Oh, les beaux jours !, Beckett : comique et désespoir

Lien vers le cours de 1re sur Oh, les beaux jours !

Introduction :

Le théâtre classique séparait nettement le comique, cantonné à la comédie, et l’expression du désespoir, réservé à la tragédie. Au XIXe siècle, le drame romantique a accueilli en son sein les deux registres, entraînant une révolution qui s’est poursuivie jusqu’au théâtre d’aujourd’hui.

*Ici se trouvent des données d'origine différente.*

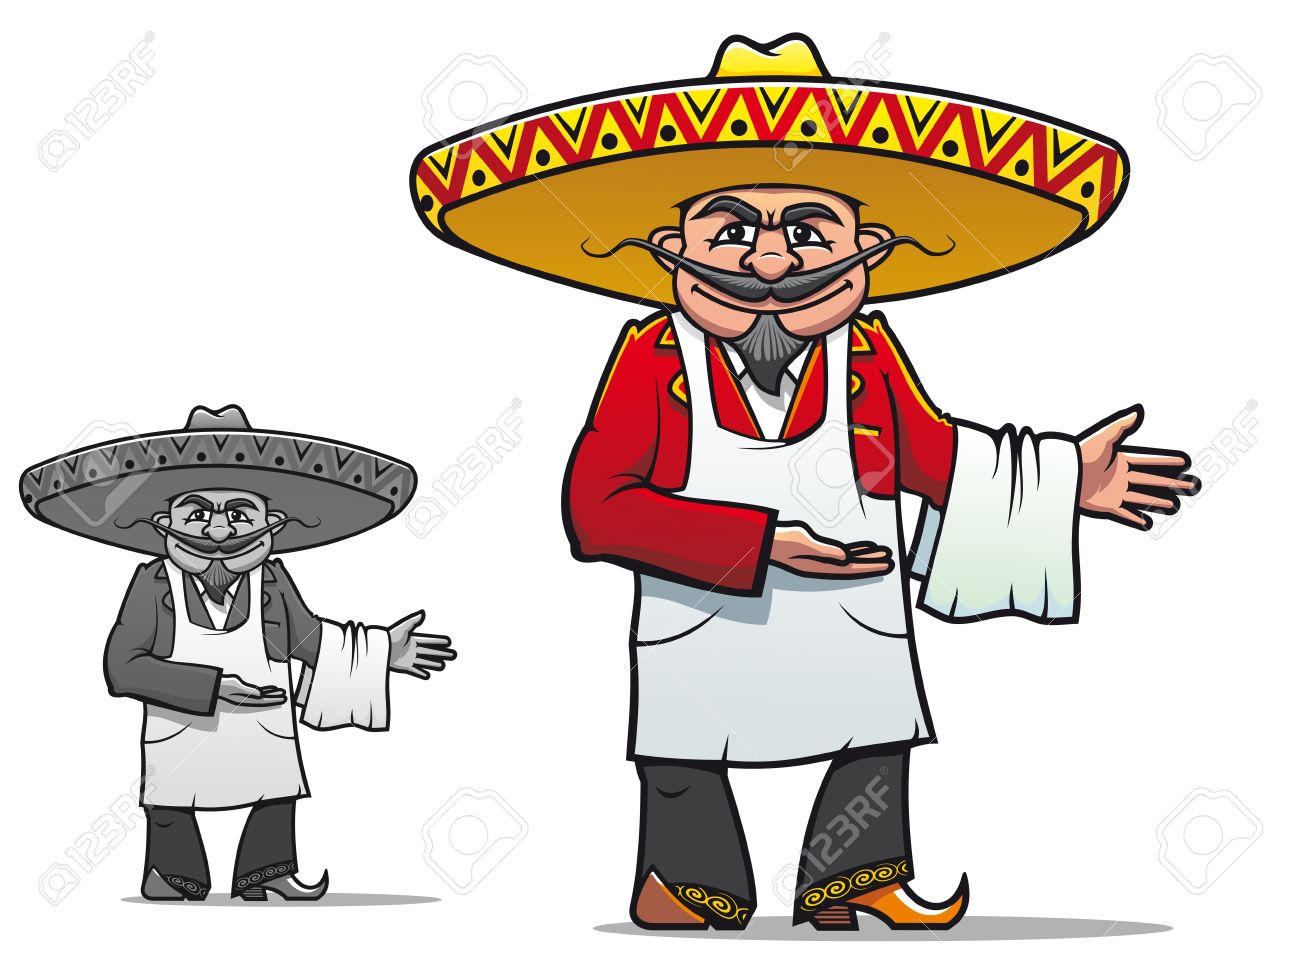 Mexican chef in sombrero for national restaurant design Stock Vector - 13604011

Mais comique et désespoir tragique peuvent entretenir des relations diverses : soit ils alternent d’une scène à l’autre sans vraiment se mélanger, soit ils sont liés l’un à l’autre et se renforcent.

Nous verrons donc comment le comique renforce l’expression du tragique dans la peinture de la condition humaine au théâtre. Dans un premier temps, nous rappellerons les relations entre comique et tragique jusqu’au théâtre romantique ; nous nous appuierons sur des exemples précis pour montrer comment les deux registres cohabitent. Puis nous étudierons plus précisément la place et les formes du comique dans le théâtre de l’absurde. Enfin, nous montrerons à partir de la scène 19 de la pièce Incendies de Wajdi Mouawad comment le comique peut à la fois ménager des pauses récréatives dans un univers désespérant tout en préparant l’arrivée du tragique.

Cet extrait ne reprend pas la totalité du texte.